Это был шанс хоть немного развеяться. Гонять воров на самом деле он не собирался, но скуку разогнать — точно.

— Вот это разговор, — заулыбался староста, бросив хитрый взгляд на паренька, теребившего медную пуговицу на расстегнутом кителе. — А я вам за работу самогону своего поставлю.

— Да тут на каждом углу наливают, — снова влез Антон. — Табаку достать сможешь? Страсть как курить охота, а табаку и нет. Тогда и я схожу, раз такое дело. — Но как только староста ушел, набросился на друга. — Нельзя нам из деревни уходить, слышь, Силантий?

— Я один пойду. Если что, прикроешь меня, а табак поделим.

— Даже не знаю… нечестно как-то, — почесал вихры друг, но было видно, что такой расклад его устраивает.

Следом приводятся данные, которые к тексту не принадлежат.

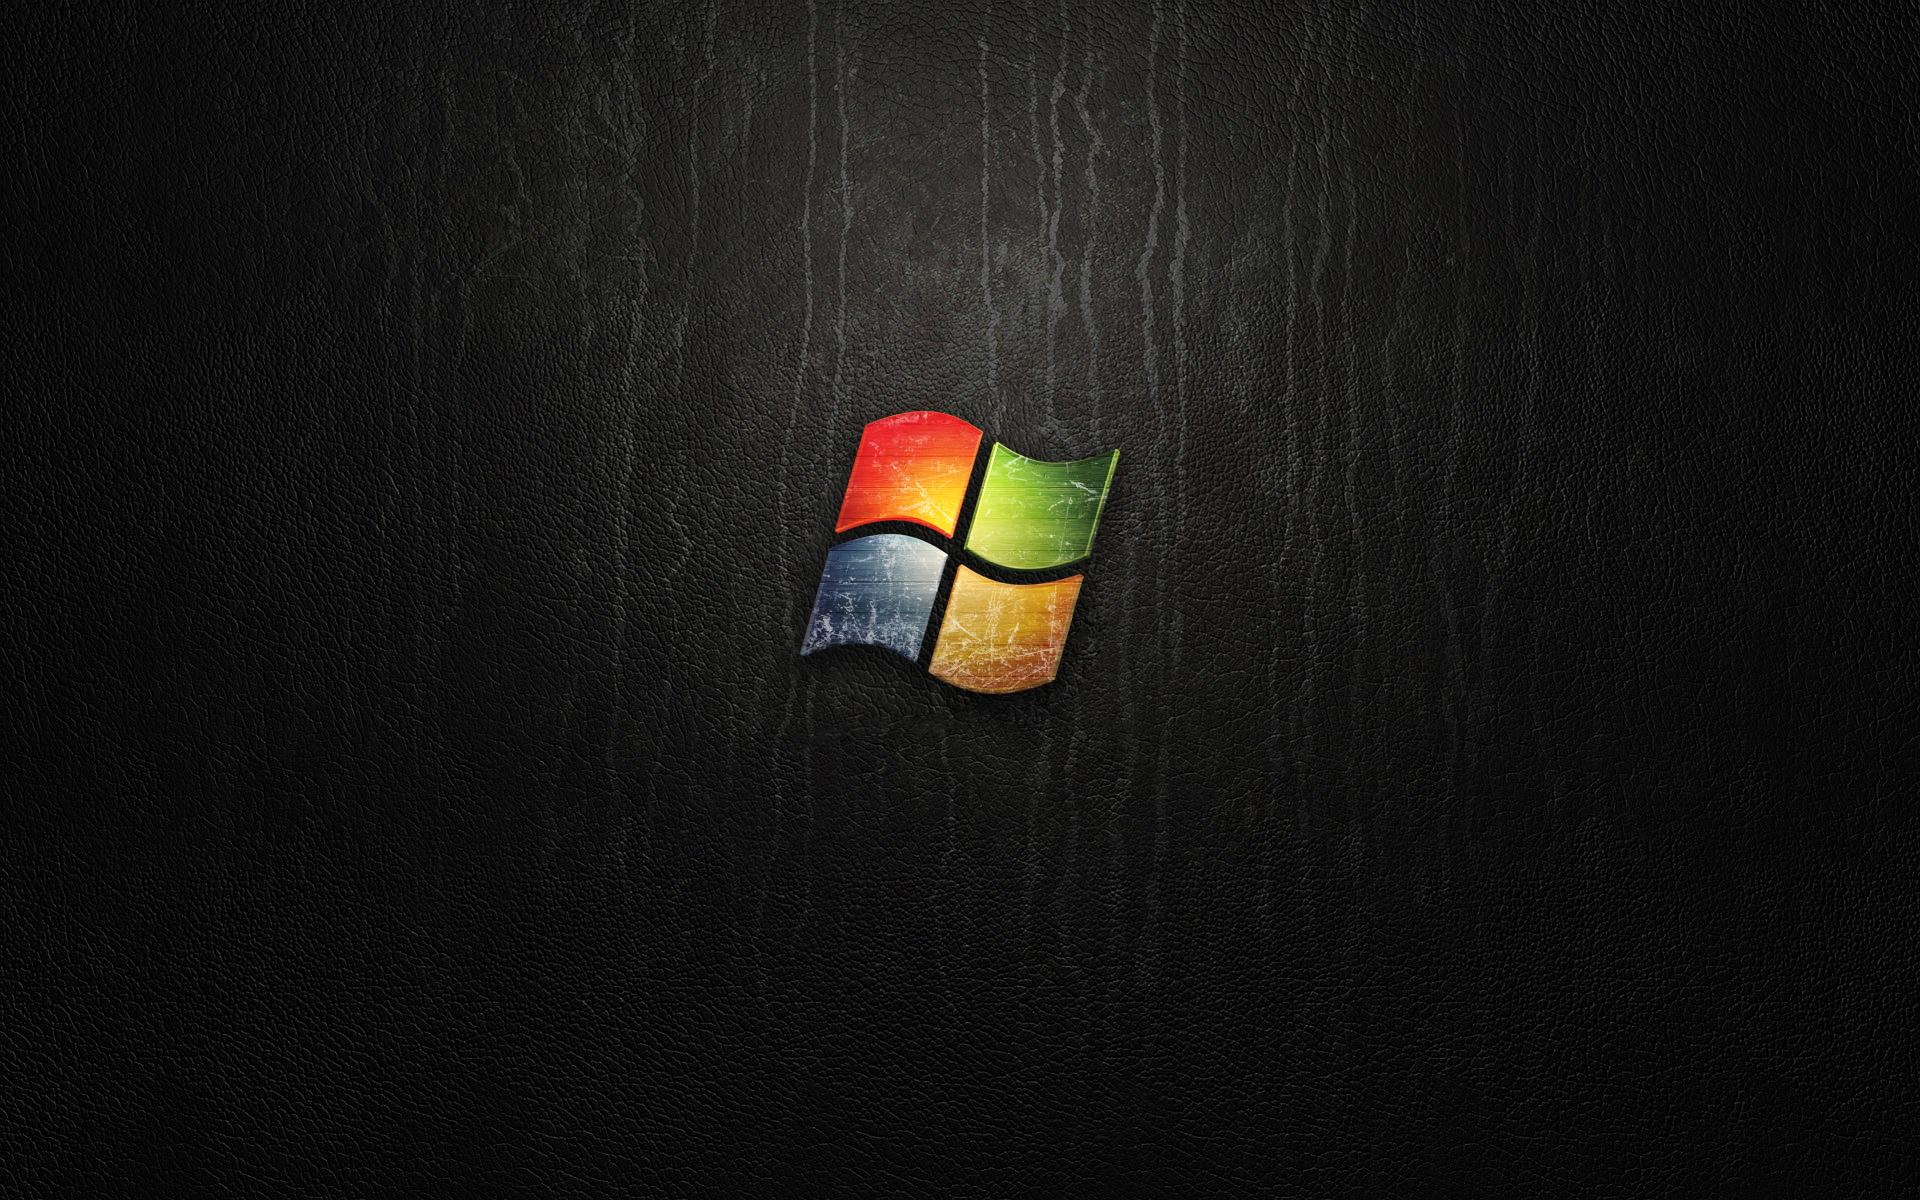 Windows Wallpaper Windows Wallpaper 1920x1200

— Решено, иду один. — Силантий спрыгнул с бревна. — К вечеру обернусь.

Антон проводил его задумчивым взглядом. Может, и было бы все иначе, если бы не она… Не Софья… Почему она выбрала не его, а Силантия? И точно кошка пробежала между друзьями…

Снова вспомнилась его последняя встреча с Софьюшкой. Ледяной королевной с ним была, а сердце рвалось от боли. Не пара ей Силантий! Не любит он ее и никого не любит! Весь в отца своего пошел, армия ему мать, сестра и невеста.

Даже если руки придется его кровью омыть, он пойдет на этот грех! Все одно без Софьи жизнь смысла не имеет никакого.

Силантий табор нашел быстро. Вышел к реке и направился к поднимавшимся за жидким пролеском струйкам дыма. Вскоре из-за деревьев послышался разноголосый гомон, гитарные переборы и ржание коней. Потянуло запахами костра и жареного мяса.

Тропинка привела Силантия к небольшой поляне, на которой стояли шатры и кибитки, горели костры. На них жарилось мясо, готовилась похлебка. У костров сидели смуглые люди. Звучала гитара, и приятный женский голос выводил куплет о несчастной любви и горячей цыганской крови. Поляну огибала мелководная речушка, в которой плескались чумазые ребятишки.

Увидев военного, цыгане насторожились, но враждебности не выказали. Девушка отложила гитару и посмотрела на Силантия:

— Что нужно тебе, красивый? Погадать пришел или хворь вылечить?

— Не верю я в гадания, — буркнул Силантий, подойдя к костру.

— Тогда зачем явился?

— Жалоба на вас поступила. Надо бы разобраться.

— И кто жалуется? — Из шатра вышел высокий плечистый мужик в простой холщовой рубахе. За вихрастой шевелюрой и густой черной бородой его лица было не рассмотреть, только глаза горели, что уголья. — Если цыгане, значит, сразу воры? А ты за руку нас ловил?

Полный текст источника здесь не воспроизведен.